What is crucial is the existence of a correspondence between the bits, the digital copy, and some aspects of the physical reality.

Look at the drawing. We have the world of atoms and by applying a variety of instruments, that we can call for uniformity “sensors” we “extract” a sort of digital essence that can live in the world of bits. This has been driving the evolution in the last fifty years and the progress was made possible by the creation of ever more sophisticated “sensors” along with ever more sophisticated software that ensures the correspondence, i.e. that the understanding derived at the bit level applies to the atom level.

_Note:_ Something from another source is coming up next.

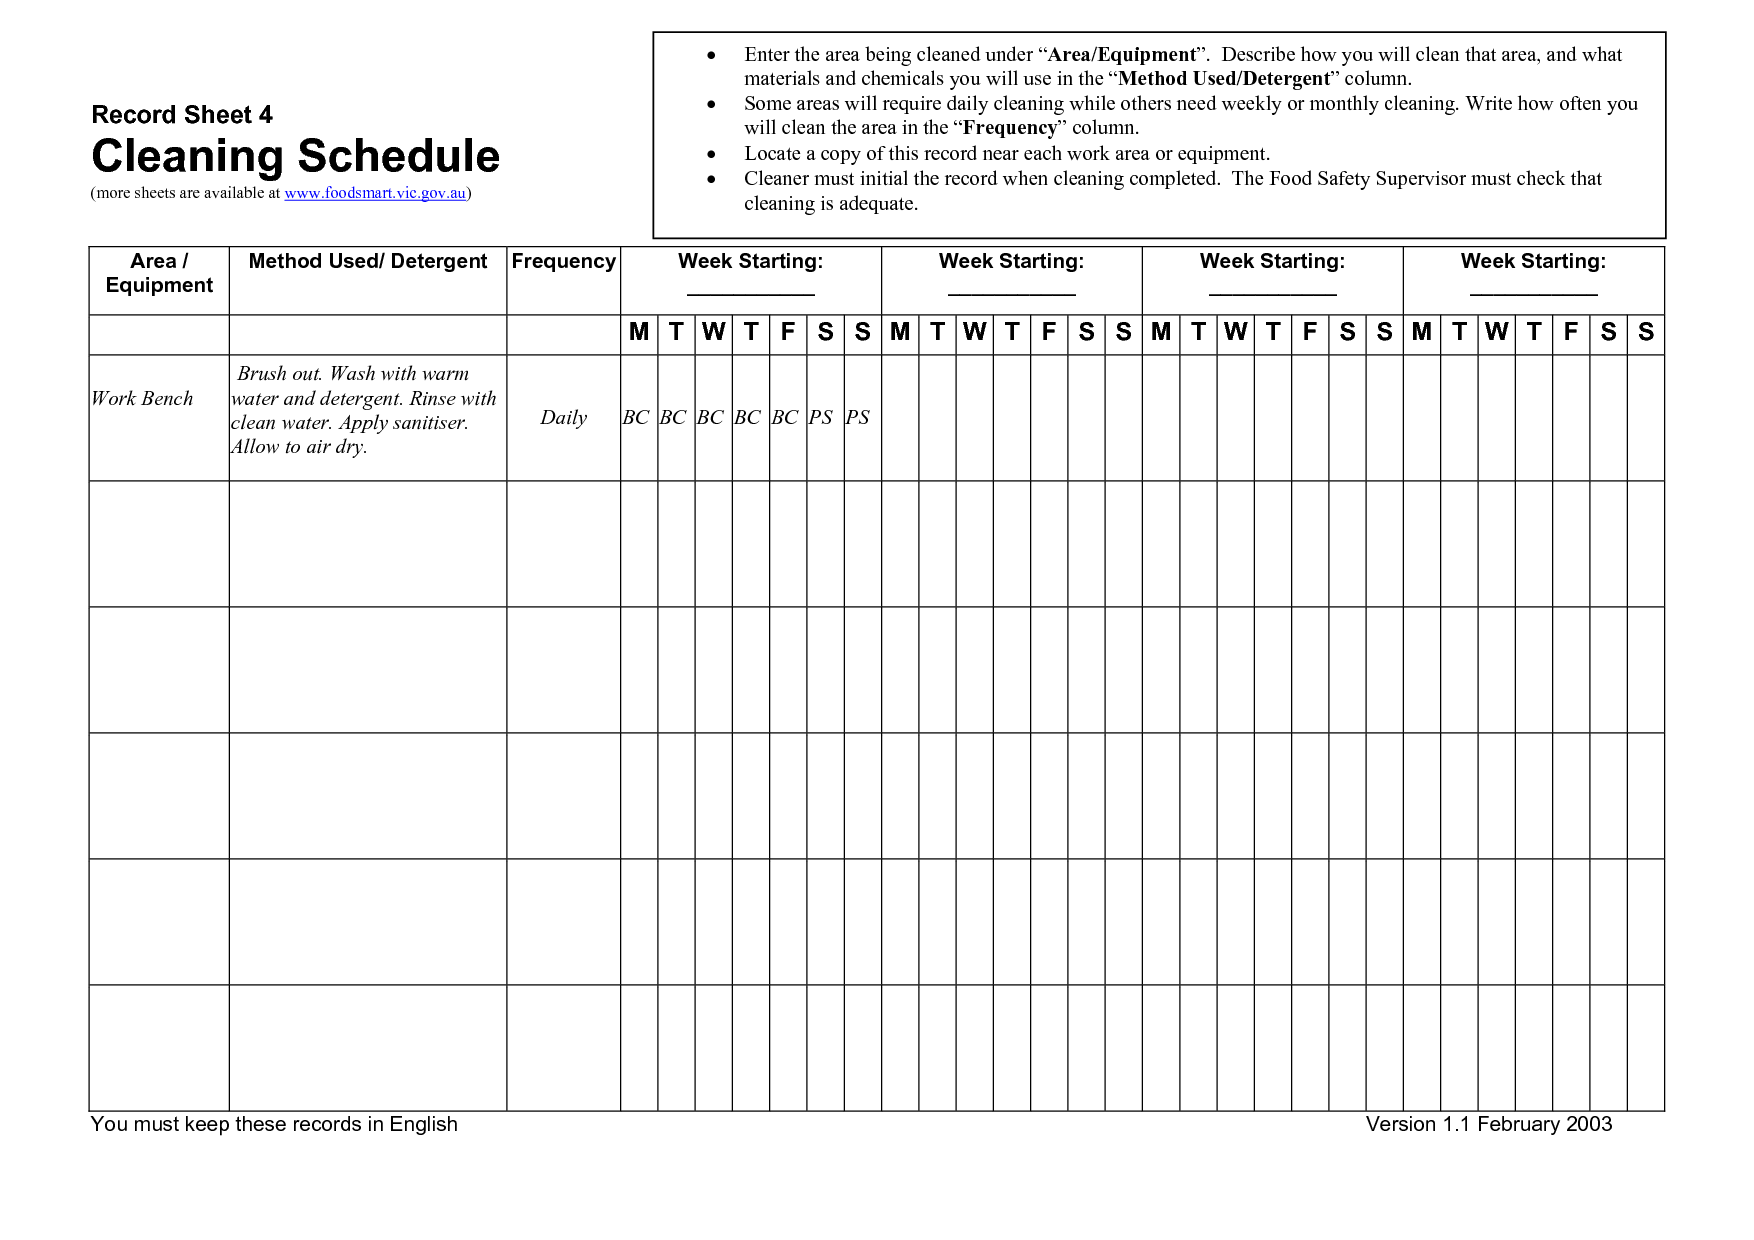 Cleaning Schedule Template Forms   Fillable & Printable Samples

This has not been a minor endeavor and although it has resulted in an amazing wealth of knowledge it has also created many issues.  Even in the math space, a space where bits seem even better at home than in a physical world (a line has just one dimension but in the physical world it has to have two, actually three, dimensions whilst in the bit space it can exist in one dimension only since bits are dimension-less and what they represent is depending on the software using them), there have been, and there still are, argument about the validity of a theorem proven in the bit world by a computer. A point in case is the demonstration of the sufficiency of four colors to cover a surface in such a way that a same color does not appear juxtaposed and separated by a line.  This theorem has been solved through computer processing requiring such lengthy steps that it is impossible “to run it” in our brain, hence a number of mathematicians are not accepting it.

However, the transformation of atoms into bits has led to such successful results that it has become ubiquitous and efforts has continued through these years to digitalize everything.